Depending on the FORMAT, the REFERENCE can now contain multiple SparkSQL statements (separated by ';') OR Scala script code. Only temporary schema elements like temporary views, tables or functions can be created within the SparkSQL or Scala snippets. Persistent Spark catalog items are not allowed. The schema of the output of the last SparkSQL or Scala statement must match the schema of the external table definition. The user is not allowed to create a new Spark session.
A pre-allocated Spark session exists and can be used via parameter "spark".
FORMAT='format'
(Optional) Is a WITH clause option that specifies the format of the external data.
Example formats include csv, avro, parquet, hive, orc, json, jdbc, vector. In some cases, format corresponds to the class name that defines that external datasource.
Note: The appropriate driver package must be installed.
This corresponds to the parameter passed to the format method of DataFrameReader or DataFrameWriter.
When FORMAT is not specified, the Spark-Vector Provider tries to recognize the format for files by looking at the file extension.
Enabling "Advanced Staging Tables" requires setting the format either to 'Scala' or 'SparkSQL', depending on the code snippet provided as REFERENCE string.
EXTERNAL_ROLE='external_role'
Note: This option is not implemented.
OPTIONS
(Optional) Is a WITH clause option that specifies user defined options for the datasource read or written to. This corresponds to the options method of the DataFrameReader/Writer. For example, for CSV files you can pass any options supported by spark-csv. For additional options supported by various external datasources, see the DataFrameReader documenation at
https://spark.apache.org/docs/latest/api/java/org/apache/spark/sql/DataFrameReader.html.
Useful options are:
'HEADER'='TRUE' | 'FALSE'
Indicates whether the data file contains a header row.
Note: When referencing a CSV file, a header is included by default.
'DELIMITER'='character'
Indicates the character used in the data file as the record delimiter. Example: 'delimiter'='|'
NULLVALUE='nullvalue'
Defines the string that identifies NULL values.
Default: ' '
'SCHEMA'='schema'
Specifies the table column definitions of the source using SparkSQL types. We recommend specifying this if the source file being loaded does not contain a header row. If not specified, Spark tries to infer the schema, which can degrade performance.
Note: The inferSchema=true option is ignored to avoid implicit casting of data types while parsing (CSV files, for example), since it can lead to unexpected results. Hence, if you do not specify a schema under OPTIONS for the source file, the schema of the external table will be used for file parsing. If you require casting of data types from the source file to the external table schema, use one of the following options: (1) Specify the source schema under OPTIONS (be aware that this implies implicit type casting to the external table schema by Spark). (2) For Spark Provider 3, use the staging table to explicitly cast data types. (3) Cast the data types in Vector.

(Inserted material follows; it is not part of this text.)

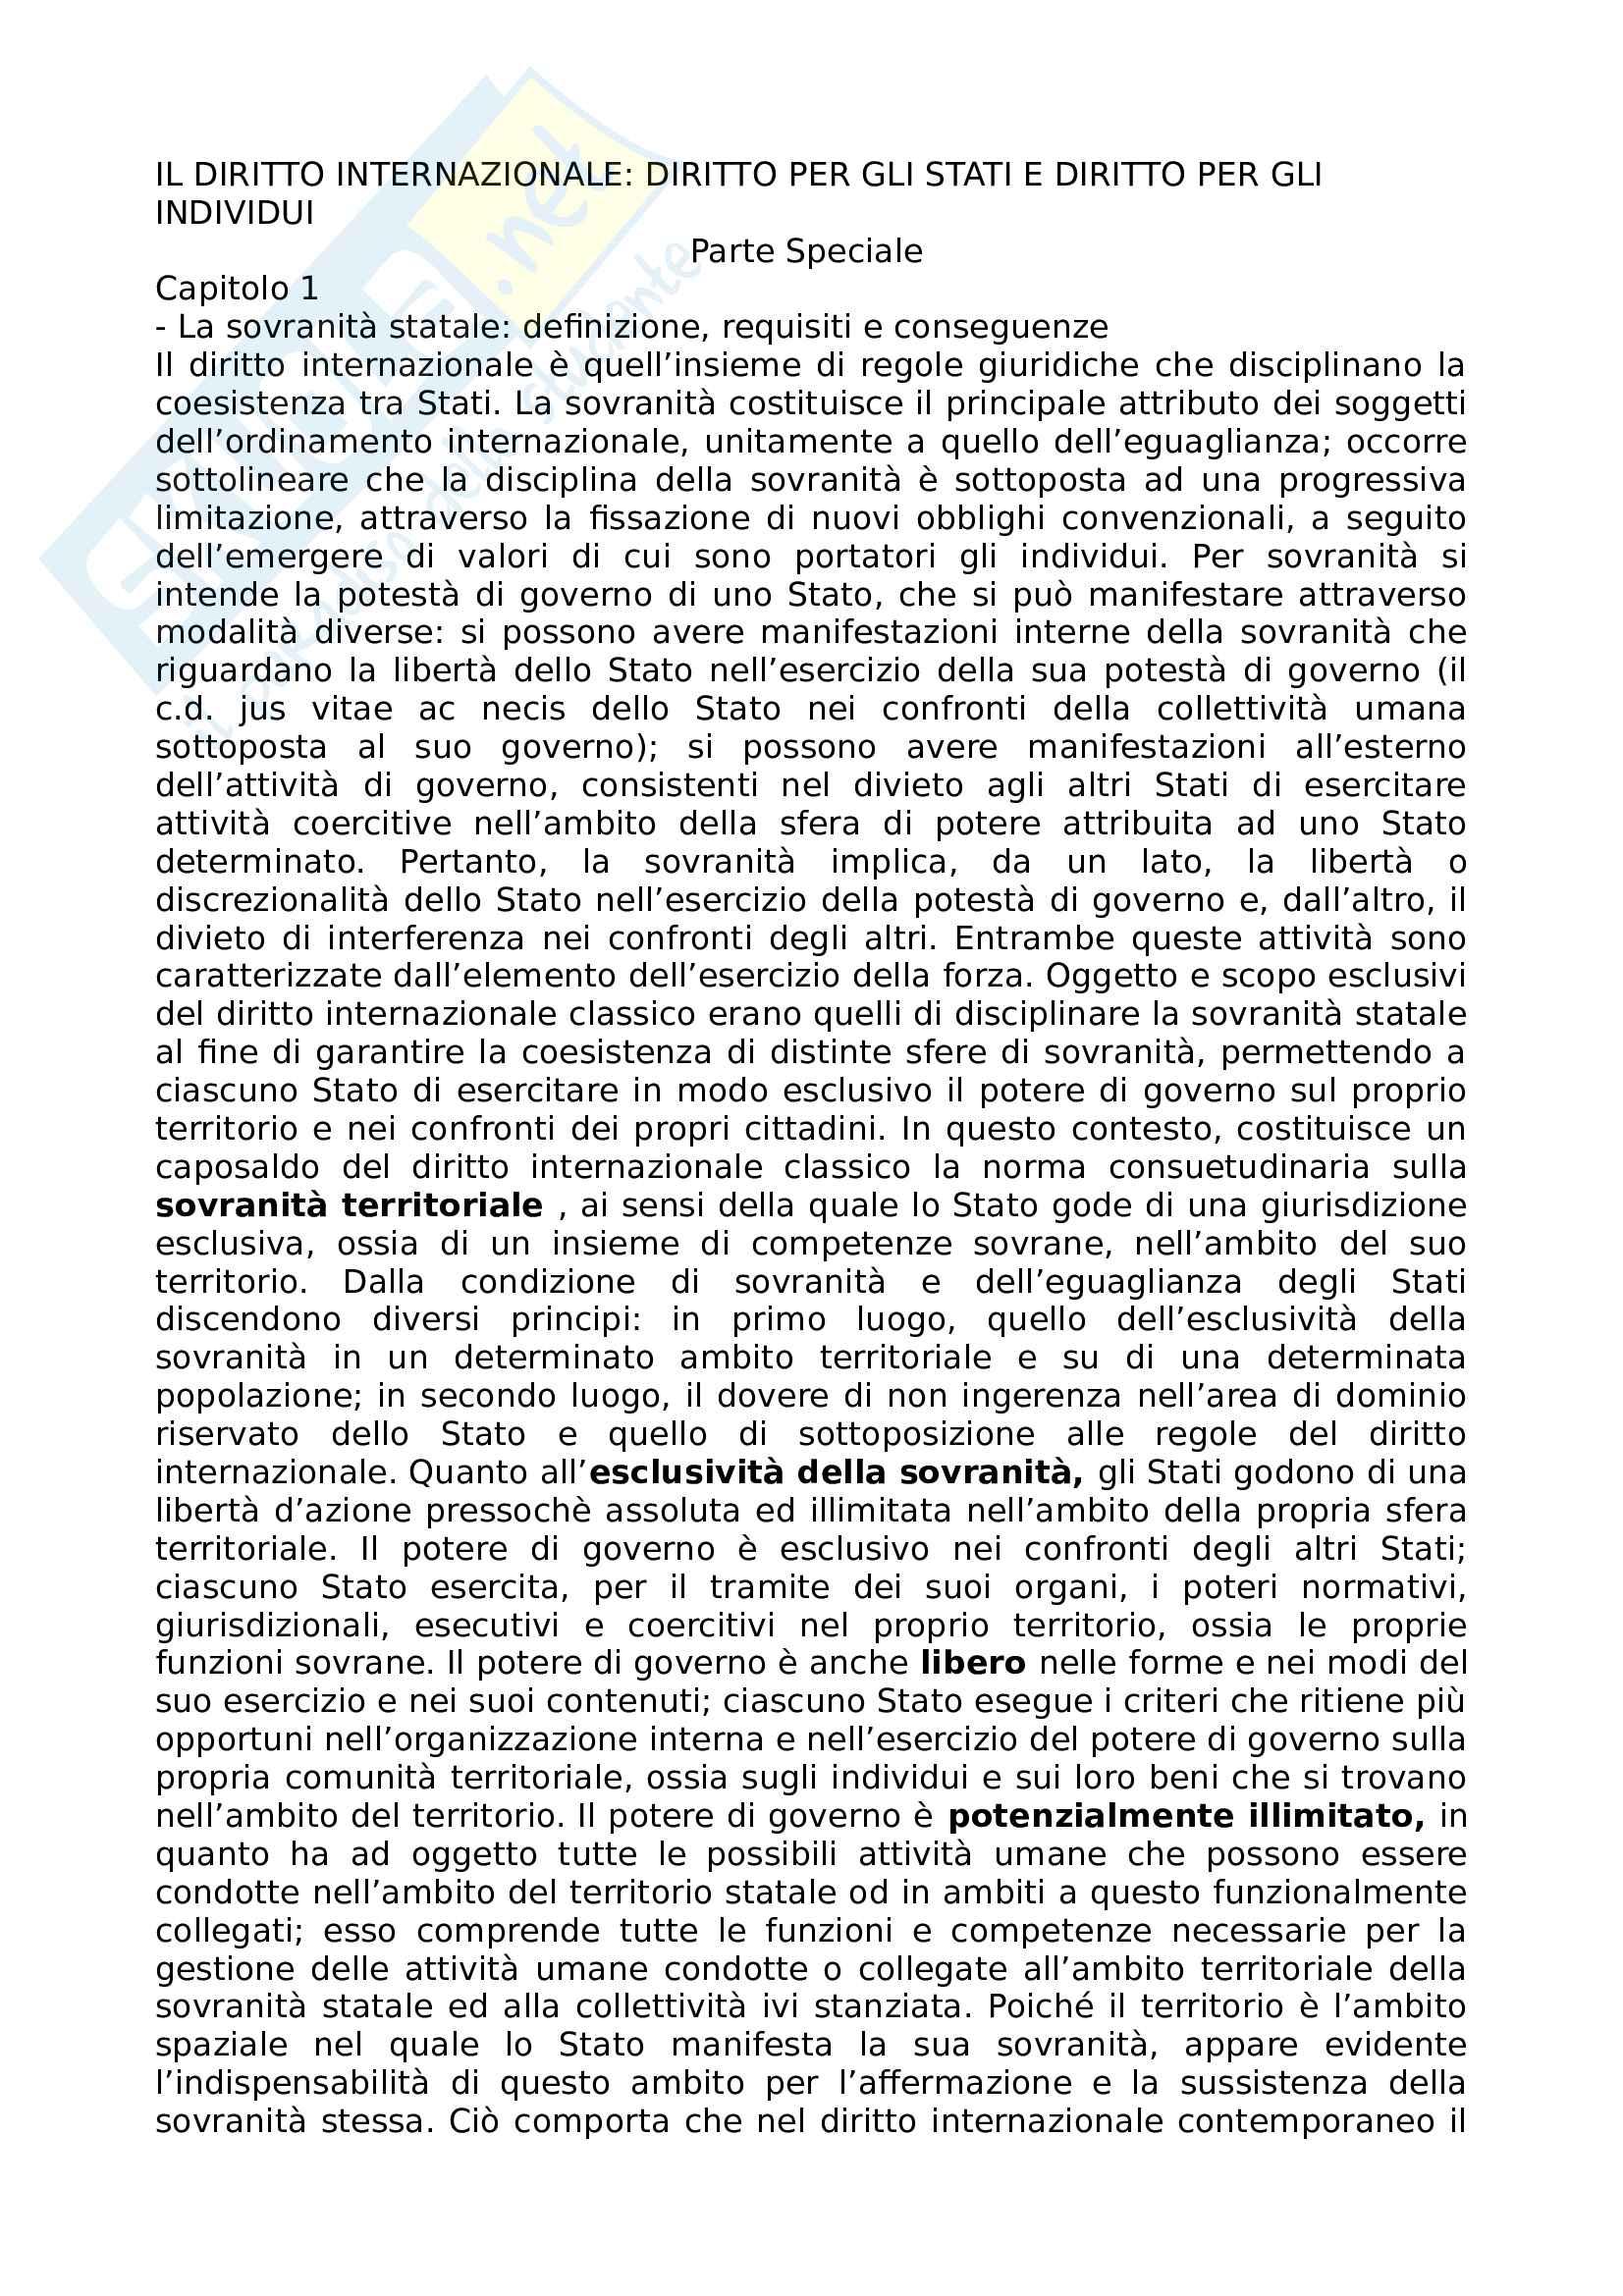 Riassunto esame Diritto Internazionale, prof Vassalli, libro consigliato: Il diritto internazionale: diritto per gli Stati e diritto per gli individui. Parti speciali

'STAGING'='SparkSQL query string'
Specifies a SparkSQL query (
https://spark.apache.org/docs/latest/sql-ref.html) that creates an intermediate table in Spark for cleaning data or mapping schema on top of the source data before the data is transferred into Vector. It has the form of SELECT...FROM THIS_TABLE, where THIS_TABLE is a designated keyword. The schema of the staging table must exactly match the schema of the external table. For details, see the staging table examples in
CREATE EXTERNAL TABLE Examples.
Note: The feature is limited to the Spark-Vector Provider version 3 supporting Spark 3.1.1.
'FILTER'='SparkSQL filter predicates string'
Allows for specifying filter predicates on top of the data source in SparkSQL syntax (
https://spark.apache.org/docs/latest/sql-ref.html). These filters are evaluated by Spark. Spark itself determines which filters can be pushed down to the data source depending on its implementation. For details, see how filter predicates are used in the
CREATE EXTERNAL TABLE Examples.